>>>>>
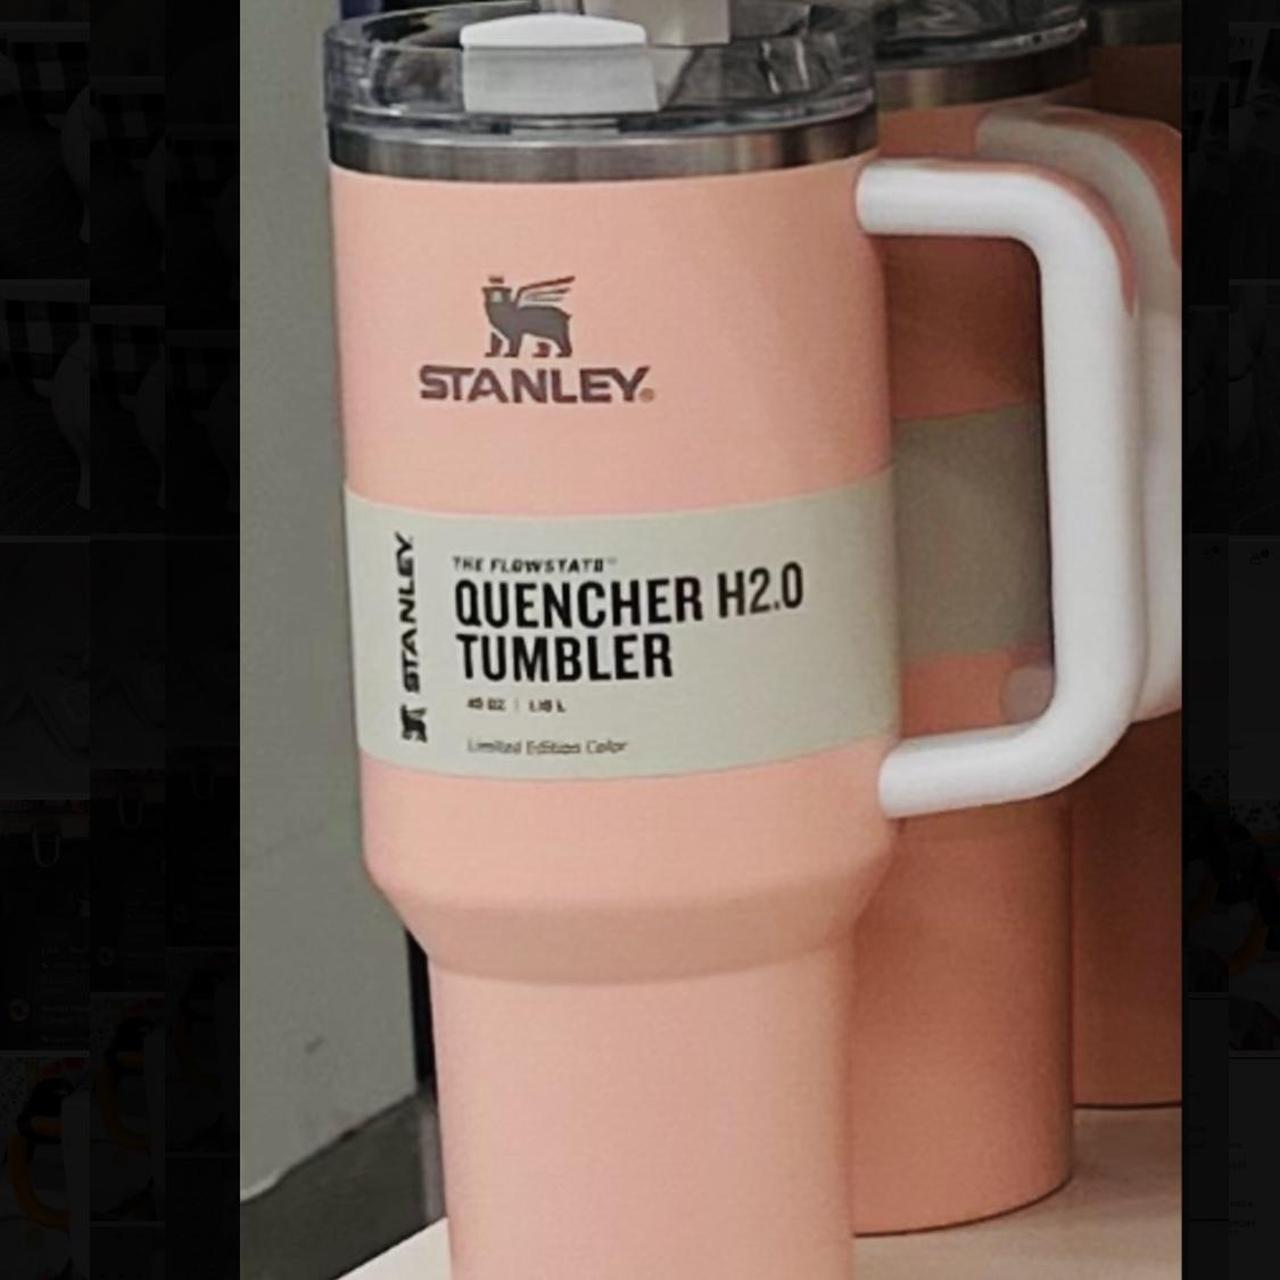 Target Exclusive Stanley 40oz Quencher Peach
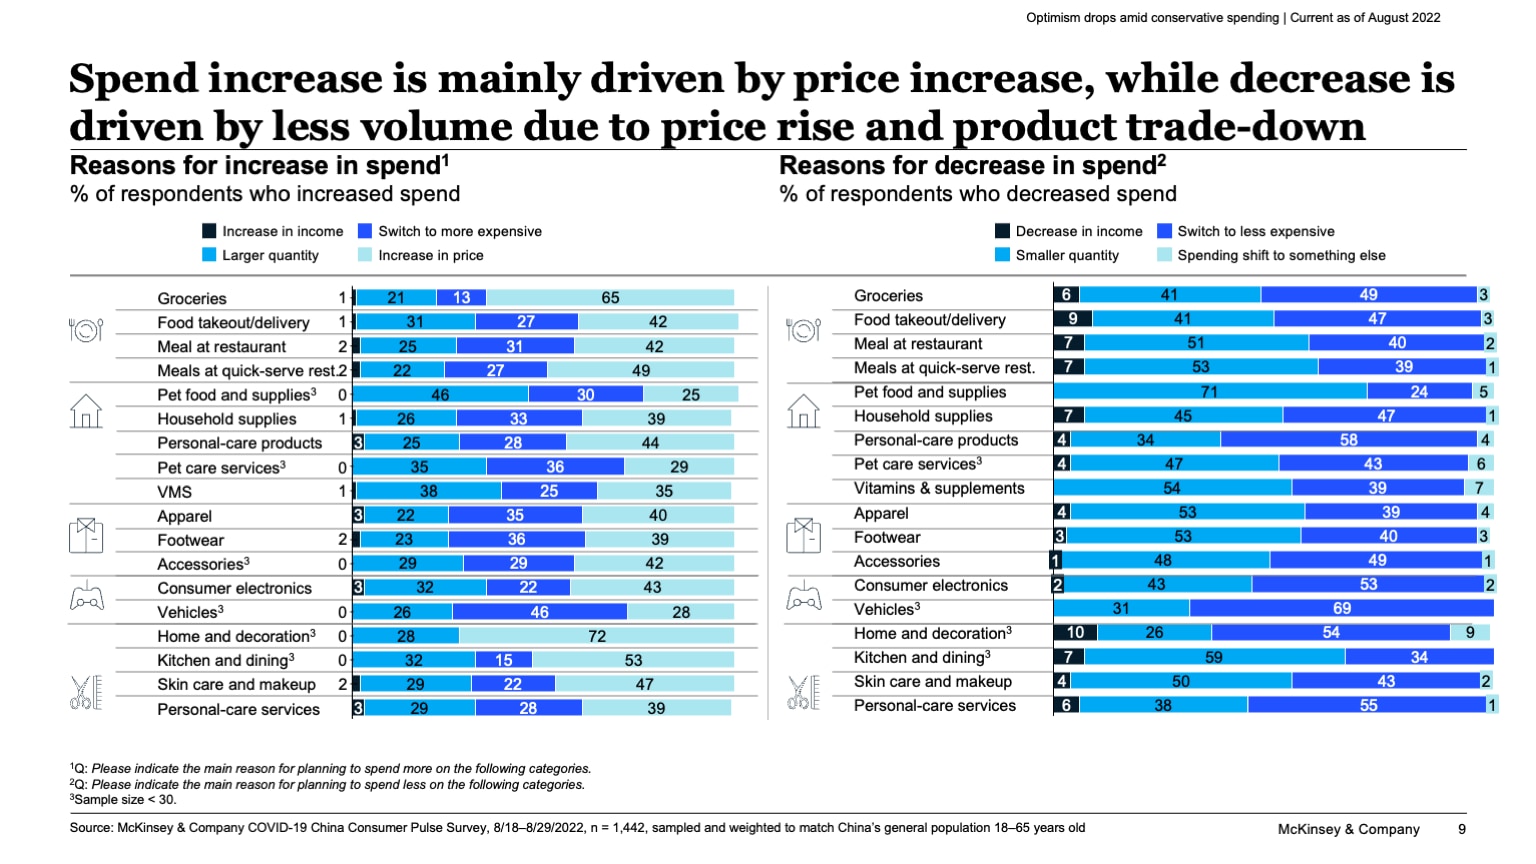 Spend increase is mainly driven by price increase, while decrease is driven by less volume due to price rise and product trade-down
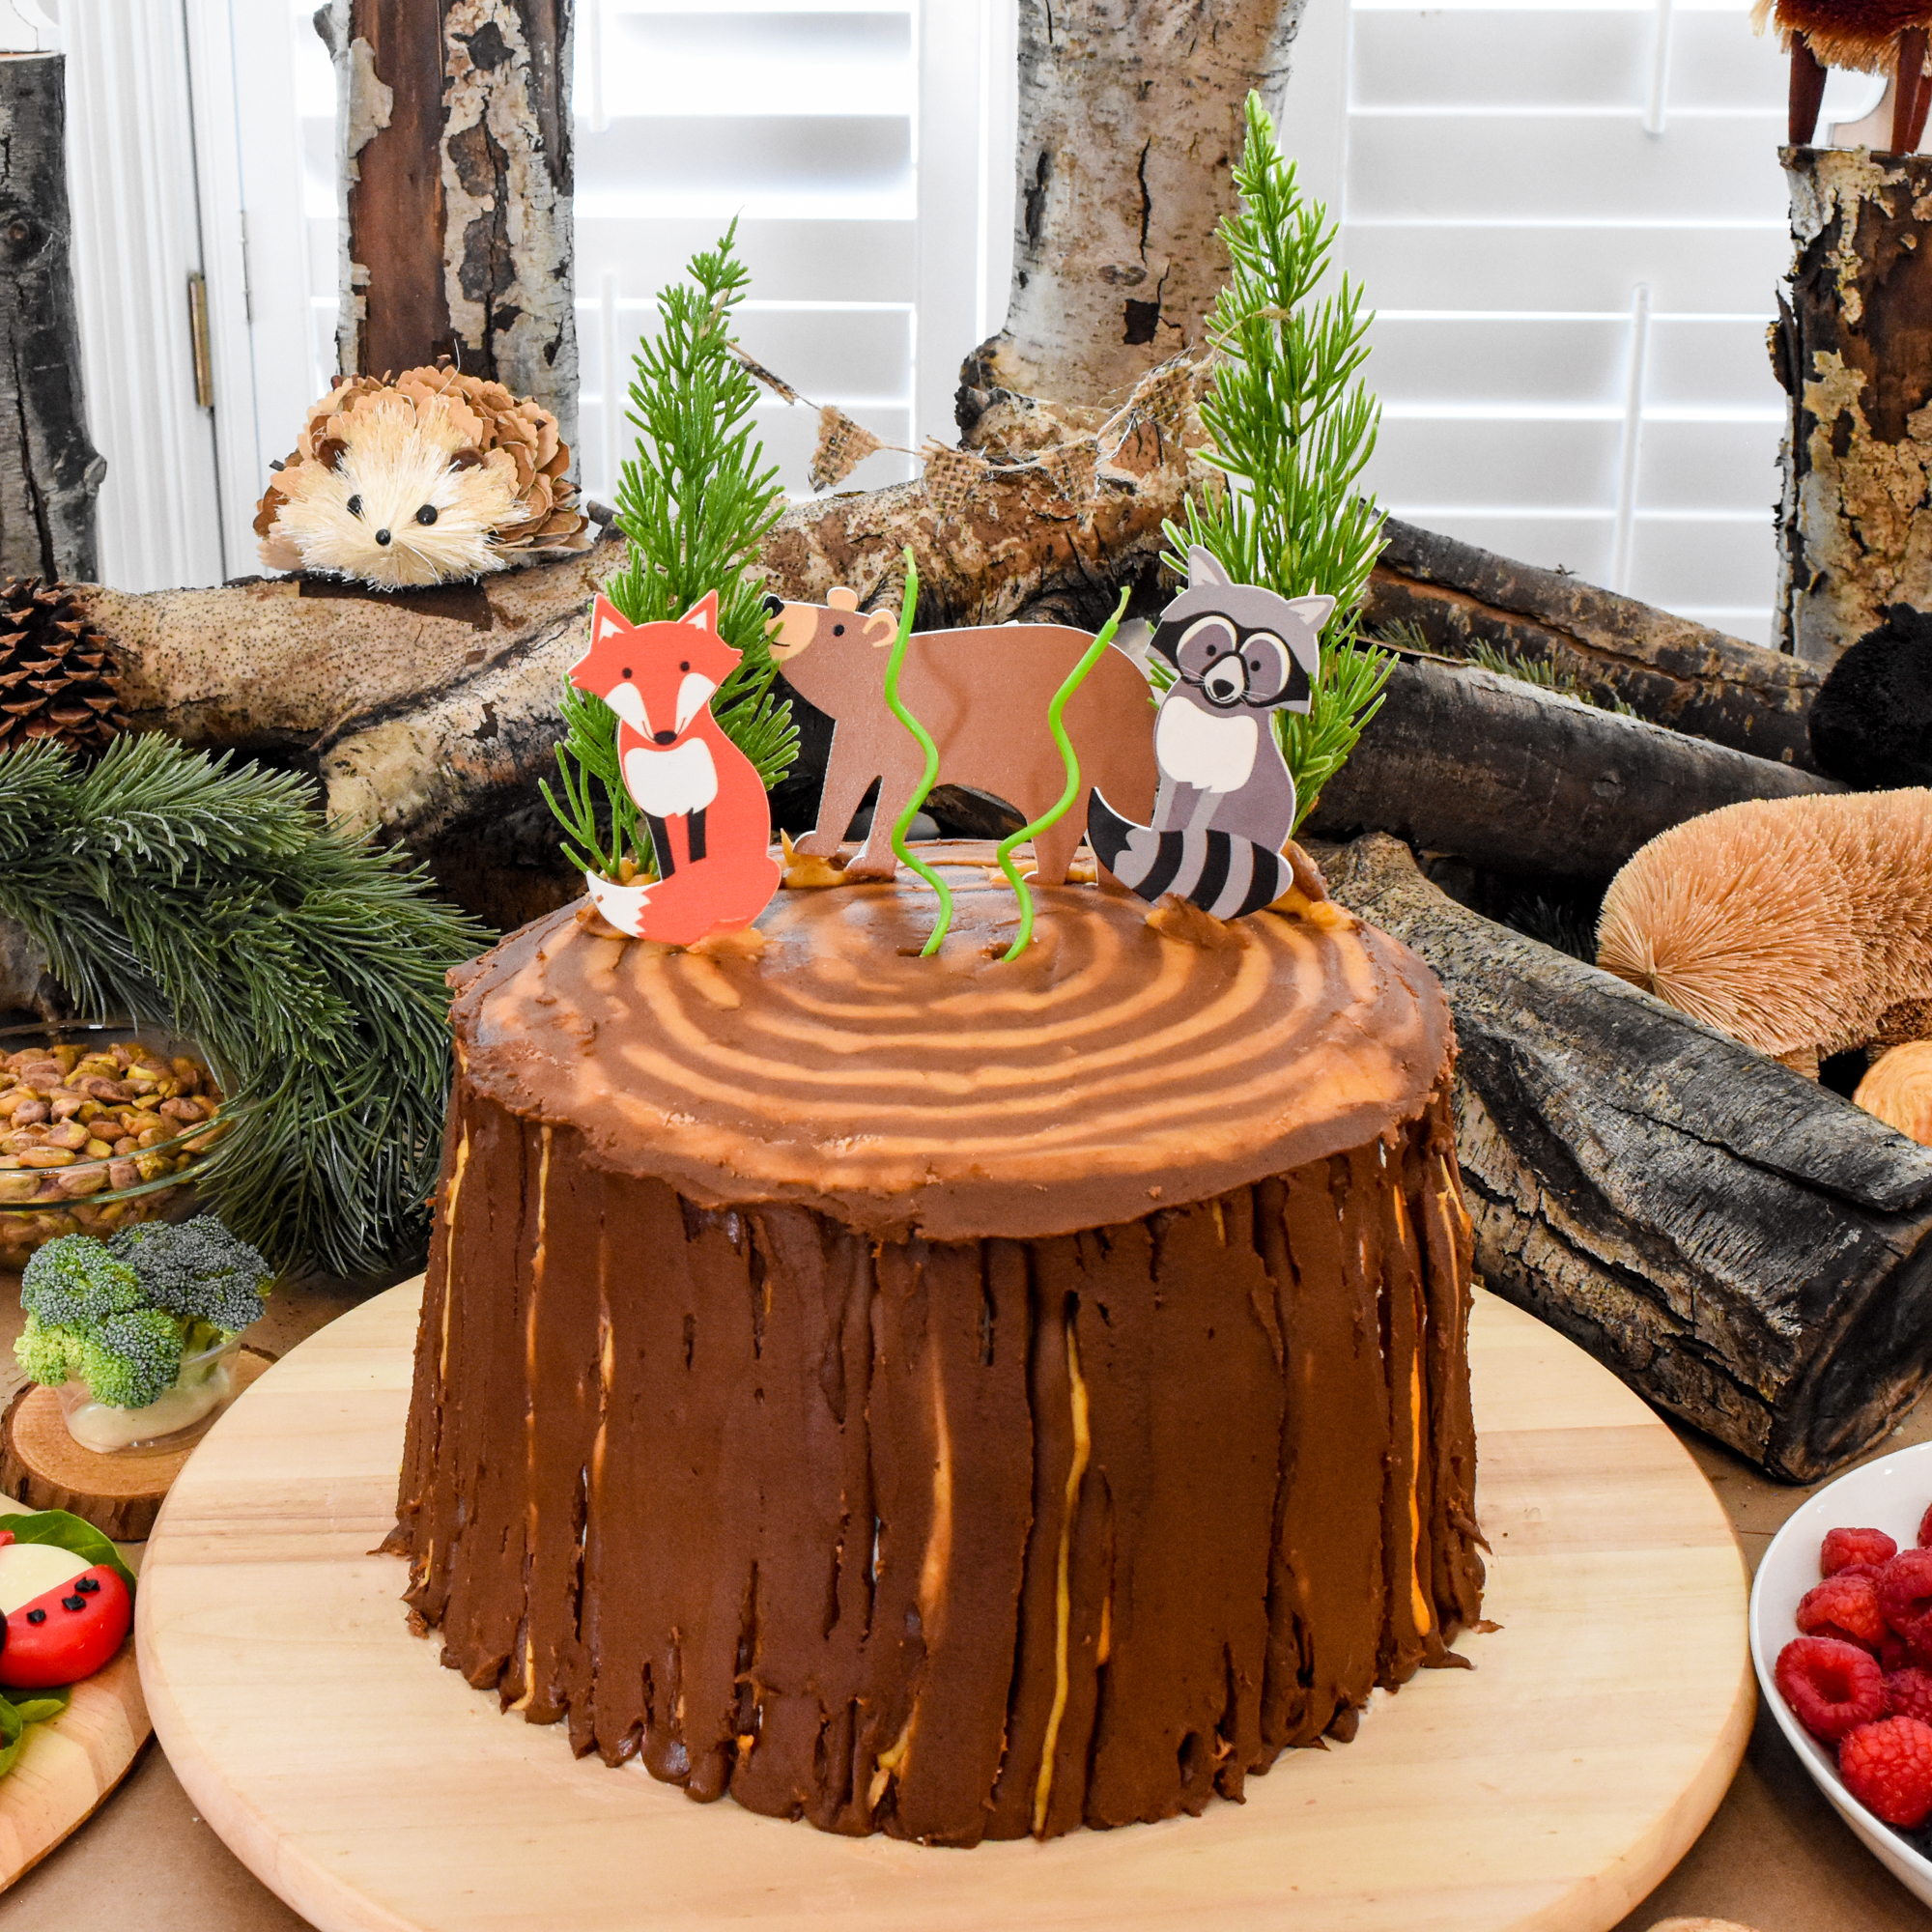 Tree Stump Cake for a Woodland Birthday Party
<<<<<
**Your task**
Where the line holding "Spend increase is" appears, start copying, and continue exactly through the last line of the listing, both ends included, skipping the pictures.

**Response below**
 Spend increase is mainly driven by price increase, while decrease is driven by less volume due to price rise and product trade-down
 Tree Stump Cake for a Woodland Birthday Party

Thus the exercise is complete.